Limitations & Future Work

  • Rule induction requires an auxiliary reasoning model (QwQ-32B), increasing training cost.
  • Rules are expressed in natural language, offering no formal guarantees of consistency or non-contradiction.
  • The two-round SFT training pipeline is relatively complex; simplification warrants investigation.
  • The dataset is predominantly Chinese; validation on English and multilingual settings is insufficient.
  • The rule repository lacks a continuous update mechanism, necessitating retraining when novel violation types emerge.
  • vs. CarO (2604.10504): A concurrent work from the same group. CarO reinforces analogical reasoning via DPO, while ChAIRO introduces explicit rule induction.

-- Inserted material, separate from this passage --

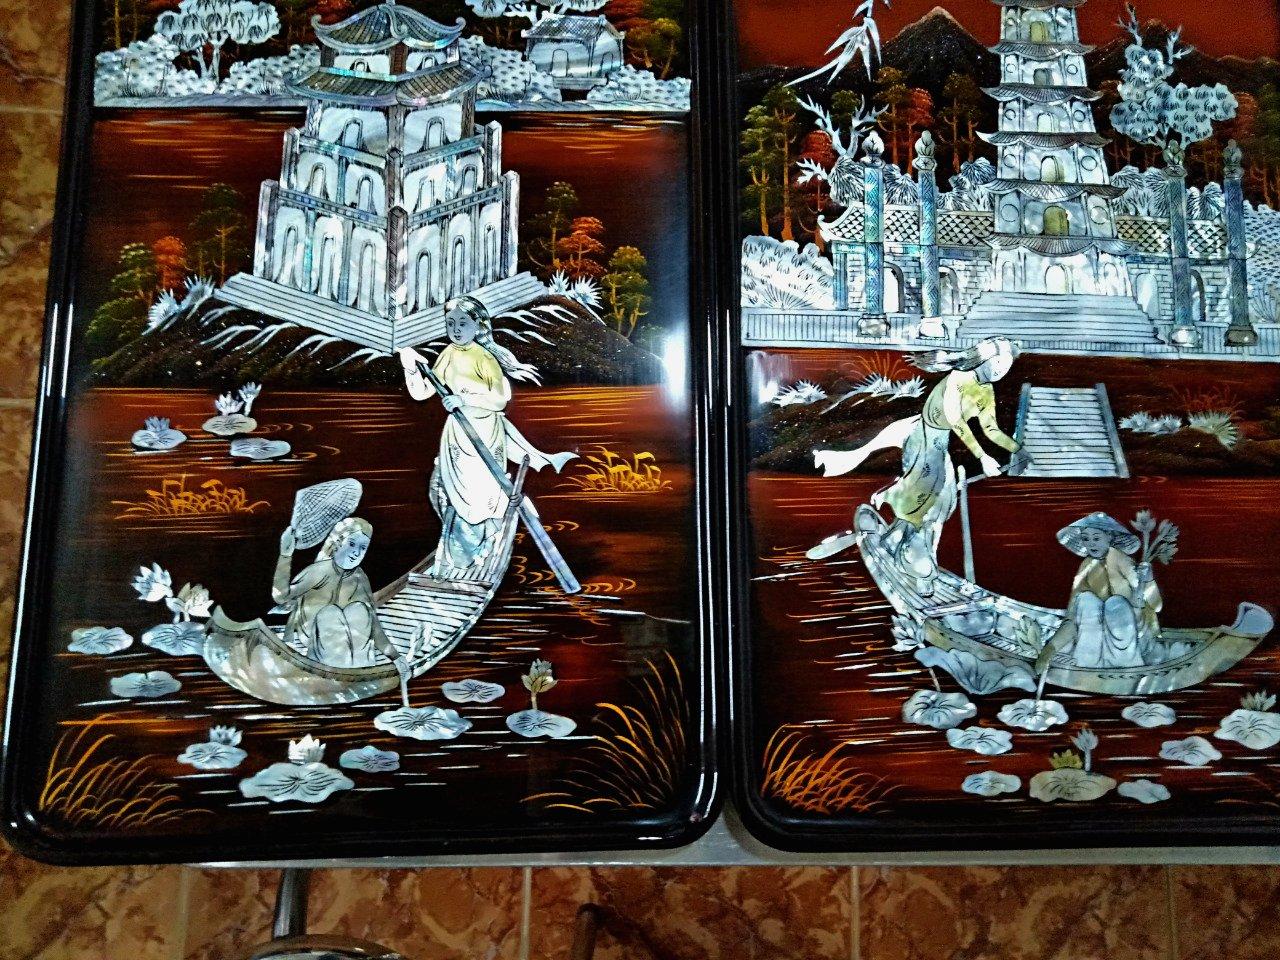 Tranh soen mài cao cấp - Tranh Sơn mài Tứ Đền TD02 - SALE OFF - Malanaz Shopping

ChAIRO places greater emphasis on interpretability.
  • vs. Rule-based Moderation: Traditional rules are manually defined coarse-grained criteria, whereas ChAIRO's rules are fine-grained, context-sensitive rules automatically induced from analogical cases.
  • vs. Kumar et al. (2024): Also explores LLM-based rule discovery but relies on single-instance context; ChAIRO provides a richer inductive basis through analogical cases.

Rating

  • Novelty: ⭐⭐⭐⭐ The three-stage hierarchical framework is well-conceived, though it is closely related to CarO.
  • Experimental Thoroughness: ⭐⭐⭐⭐ Multi-dimensional ablations, human evaluation, and cross-model generalization testing.
  • Writing Quality: ⭐⭐⭐⭐ Clear structure with well-designed RQ-driven experimental layout.
  • Value: ⭐⭐⭐⭐ Explicit rule induction holds practical value for interpretable content moderation.